David Crighton gets into the bones of a city, its buildings, businesses, venues, and homes; he is the featured artist this month at Hibernation Arts

David Crighton is the featured artist for the month of November at Hibernation Arts Gallery, 17 Peter St. S., Orillia. The studio is open from Tuesday to Saturday from 11 a.m. to 4 p.m. His work can also be viewed at his website. The following review is written by Michael Hoechsmann, professor, Lakehead University, Orillia.

David Crighton’s artwork tells the story of cities, large and small. More a surveyor or architect than a cartographer, Crighton gets into the bones of a city, its buildings, businesses, venues, and homes. Brick by brick, he documents the structures in which life is lived and culture is made in southern and central Ontario. 

The constitutive element of many of Crighton’s illustrations is the brick, usually of the reddish, ochre hue of late 19th- and early 20th-century construction practices in central Canada. This motif lends a unifying feeling to his work and permits him to make unexpected collages with buildings that are not in reality adjacent to one another. 

It is remarkable that these drawings evoke the cultural life of urban spaces without the everyday hustle and bustle of people on streets and in front of buildings. They are like that perfect photo that one awaits when a crowd thins and disappears.  But the images are not unpeopled; we, the viewers, are assumed, built into the artistic exchange. 

These images, and the buildings depicted, are for audiences to admire, and they improve with time as they move indelibly from chronicle to nostalgia. In the process, they become part of our collective memory, commemorations of moments already experienced, or aspirational and vicarious glimpses into the potentials of the urban landscape.

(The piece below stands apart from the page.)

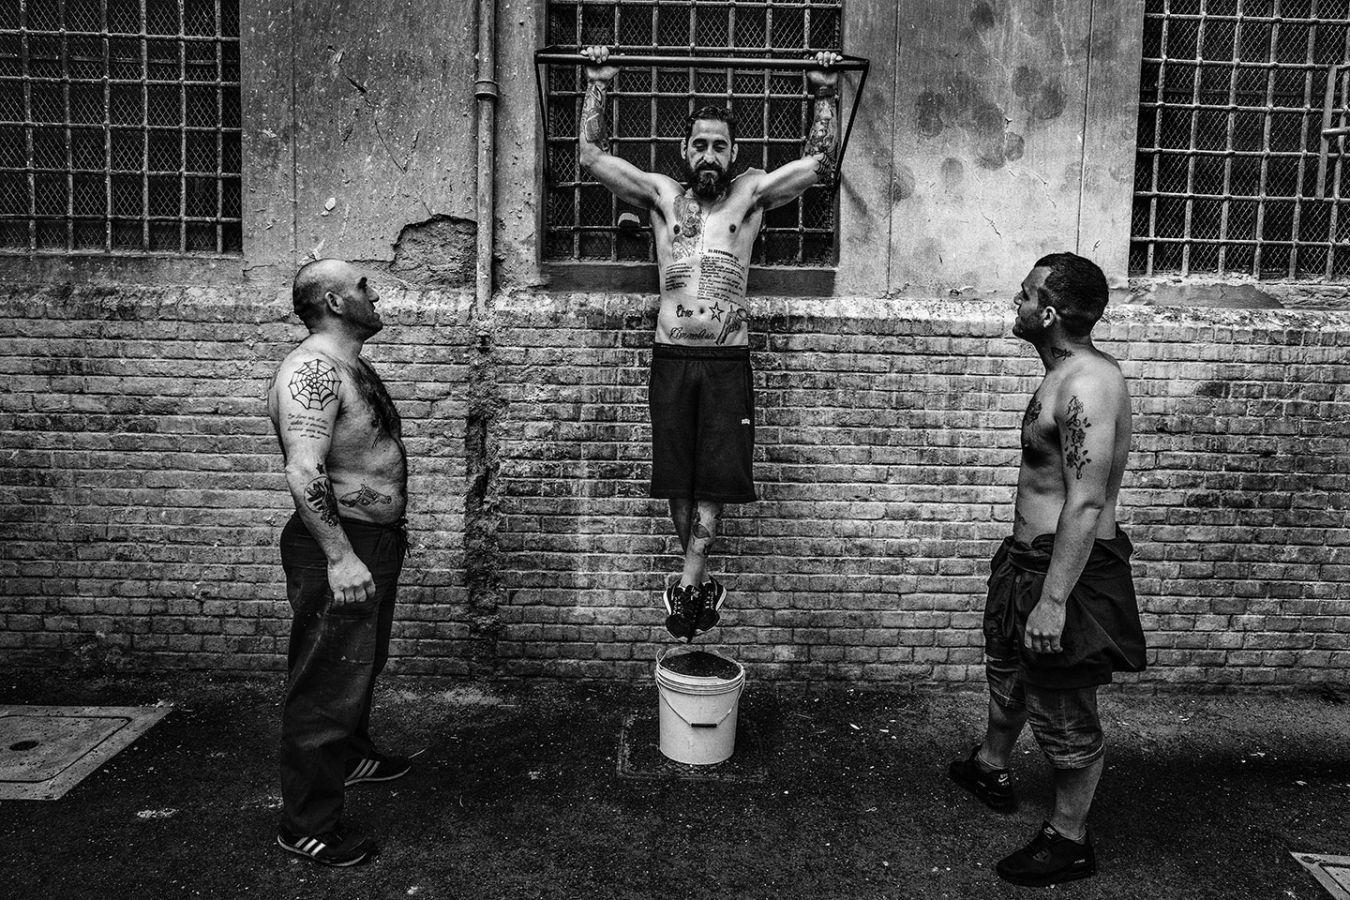 Фигура Христа в римской тюрьме Регина Коэли, 15 мая 2019 г.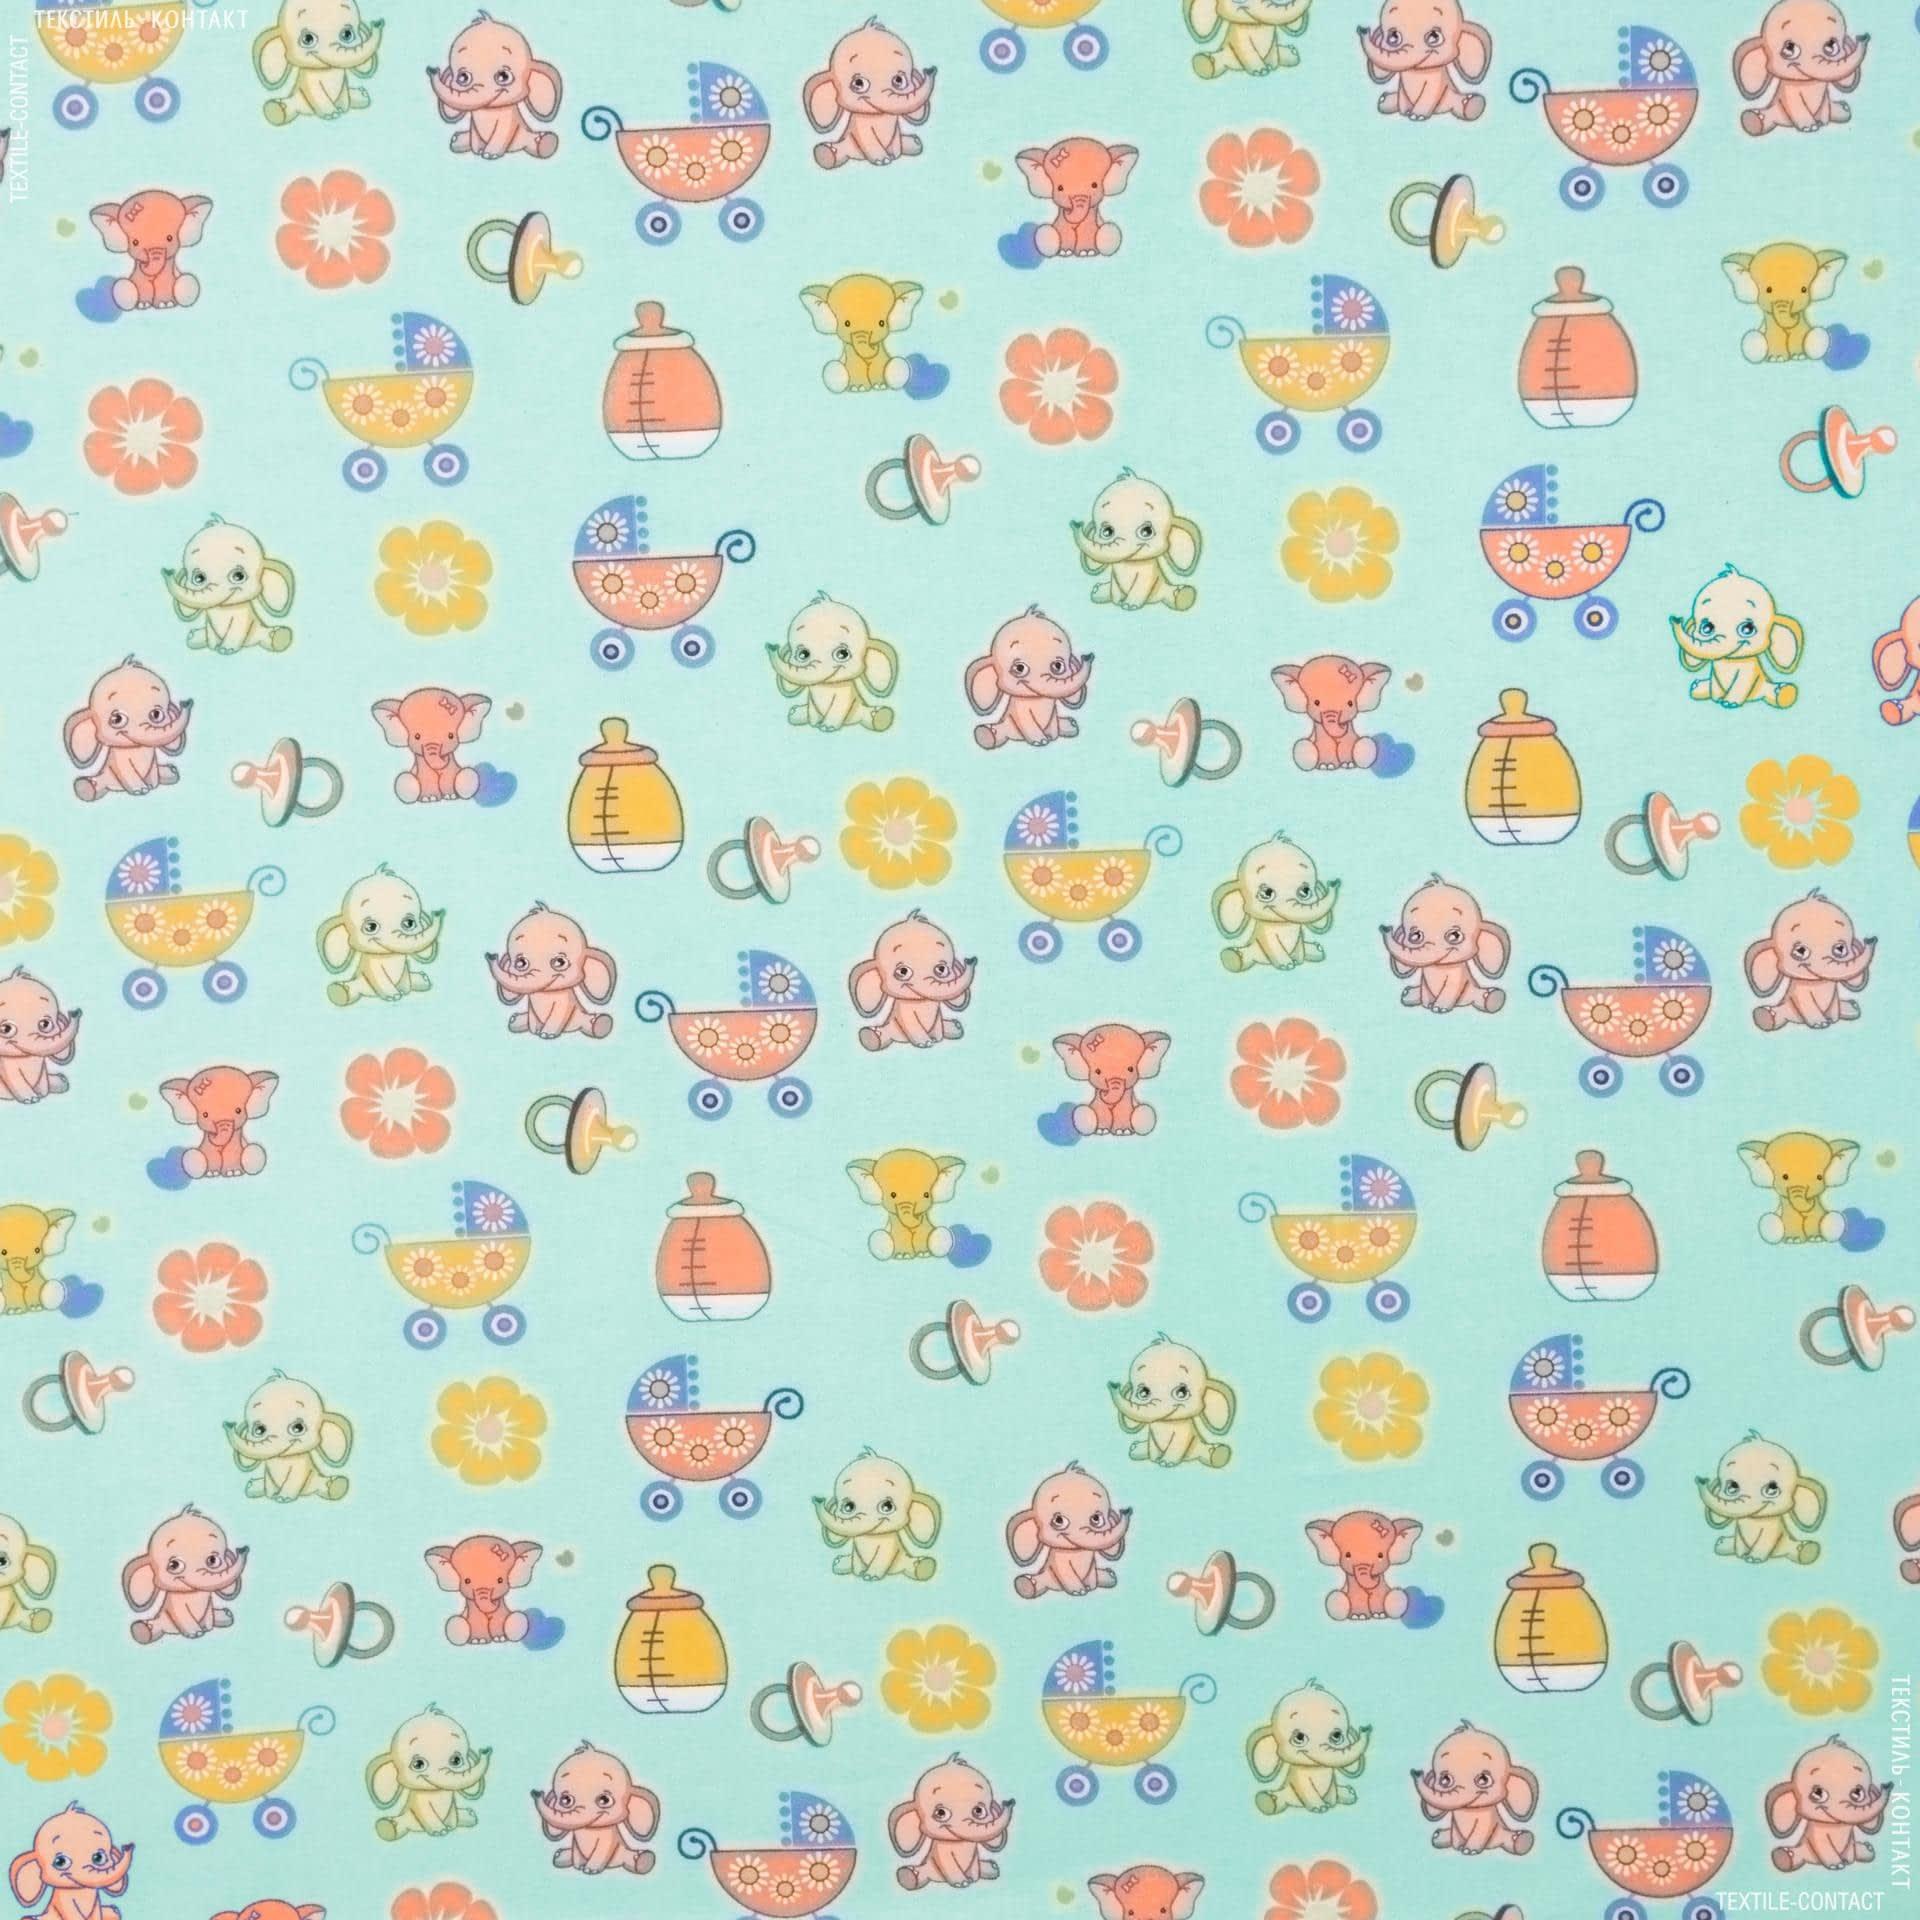 Ткани для детской одежды - Фланель белоземельная слоник

Crighton’s illustrations impart an aura that conjures up the awe a bystander and citizen can feel at the architectural magnificence of their surroundings. Quotidian structures such as houses and mansions are striking once rendered as art. A series of theatre marquees reflect a love of musical performances and live theatre. Images of municipal or university buildings show the power vested in community structures. 

Crighton brings a steady hand and a creative eye to his illustration practice. Detailed and precise, the images he produces look like animated photographs. This animating spirit is present in two ways: on the one hand, there is a comic strip like dimension to this work. It is “popular art” that recuperates the work of the illustrator into artistic practice.

On the other hand, his animating style also breathes life into inert structures. It lights them, warms them, dramatizes them, and memorializes them. It is no wonder that part of Crighton’s livelihood is made from commissions, and, in some cases, specifically of homes that people are leaving. 

For the “locals” who are interpellated by the scenes — be they of Toronto, Orillia, or Bracebridge — these images are nostalgic reflections of lives lived. They are a visual equivalent of a hit song from times gone by; we can find ourselves in their timbre. For those from outside who discover these remarkable illustrations, they represent the enchantment of a close encounter with the local. They are slices of life, a deep drink from the well.

This work evokes nostalgia. And yearning. It is wistful, yet desirous. It is playful and artistic. And it is breathtakingly straightforward, a reflection of time standing still, of the bones of cities revealed.

Michael Hoechsmann is a professor at Lakehead University, Orillia.